CUte and comfy looking.


----------



## CamillaDesertMouse (Mar 19, 2011)

I love this pattern...and ONE day I will just knit them up lol
Thanks for posting.


----------



## BSG (Sep 12, 2011)

You could crochet these also


----------



## BSG (Sep 12, 2011)

OK, crochet version. I knew I had it somewhere

http://sarahsweethearts.blogspot.com/2010/09/fun-folded-toddler-slippers.html


----------



## BSG (Sep 12, 2011)

And this is what sent me on the look out for the crocheted version so I wouldn't have to figure it out. I could but why re-invent the wheel
http://sew-whats-new.com/photo/felt-baby-slippers-free-pdf-pattern?xg_source=msg_mes_network

I haven't tried these yet but it might be a good charity project for those who can't knit or crochet.
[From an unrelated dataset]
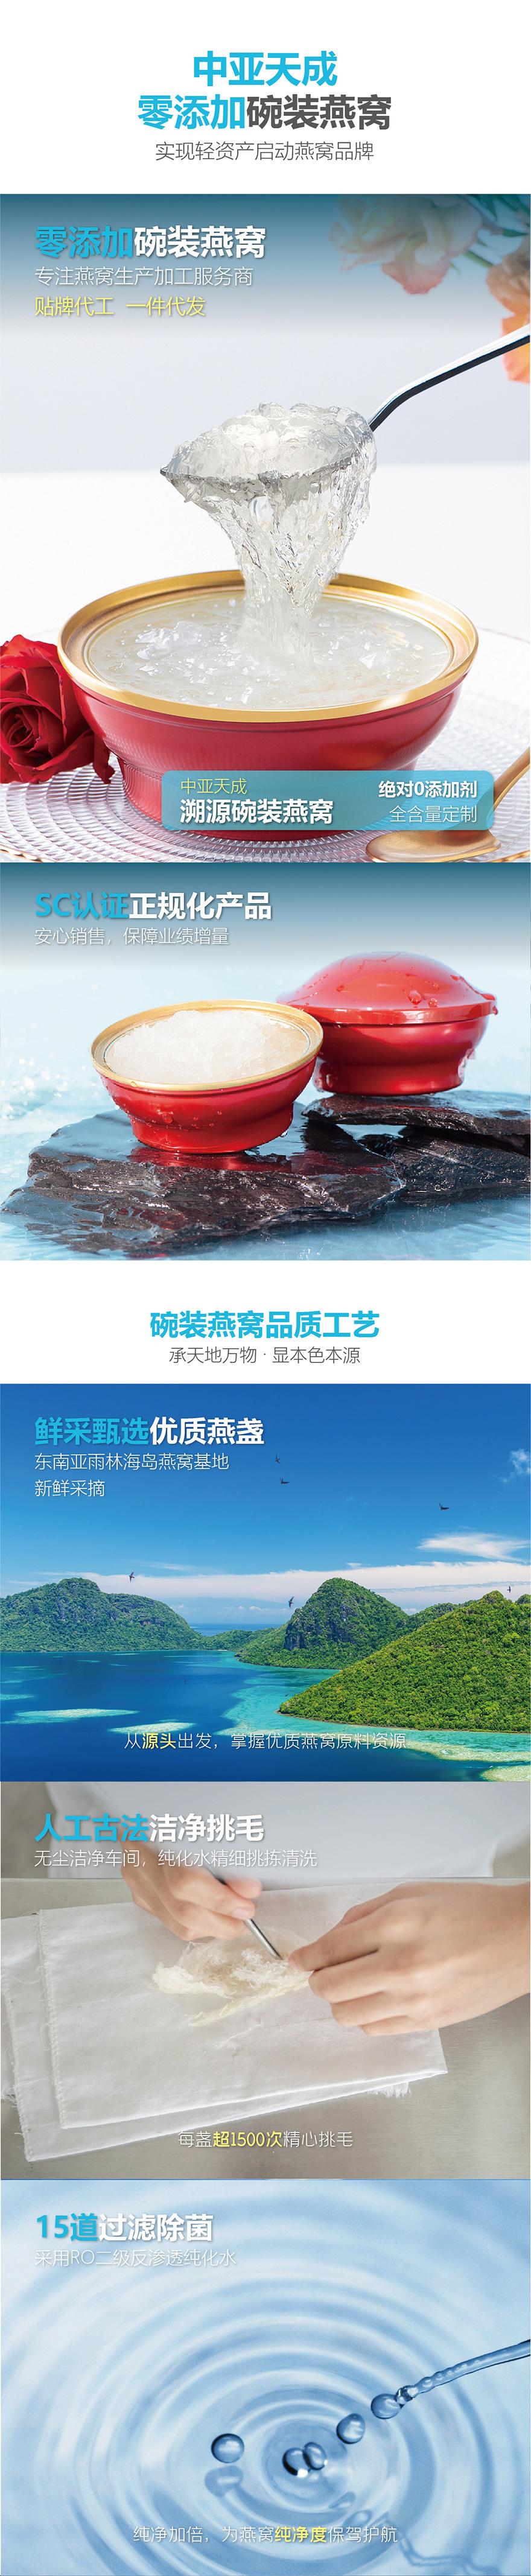 中亚天成碗装燕窝产品介绍页面2_画板 1 副本 2.jpg

Hmmmm....


----------



## RavenRose (Nov 18, 2011)

Beautiful SisButterweed....definitely want to make a pair...


----------



## Dakotashivers (Apr 5, 2011)

Oh yet another pair I HAVE to make. I moderate the Slipper and Surrounding group on Ravelry...and yeh...im kinda addicted to making slippers. I have seen this particular slipper in another stitch somewhere...Definitely looks like a fun creative, do your own thing project...


----------



## RavenRose (Nov 18, 2011)

DakotaSis...must confess I love knitting these slippers also...mostly because my feet get so cold and picking an easy pattern is not comproming style and good looks..any other patterns you would care to post would be very appreciated by this olde CroneKnitter.... :lol:


----------



## Dakotashivers (Apr 5, 2011)

There are tons of free patterns on Ravelry...its a free site to join..Our group "Slipper and Surroundings" is a great place to start looking for the freebies...if you want more ravelry info/help just ask!


----------



## RavenRose (Nov 18, 2011)

Thanks...will do...and will look you up whenever I get there....


----------



## Dakotashivers (Apr 5, 2011)

Great...I am also Dakotashivers there! Makes is easier for me to remember! haha


----------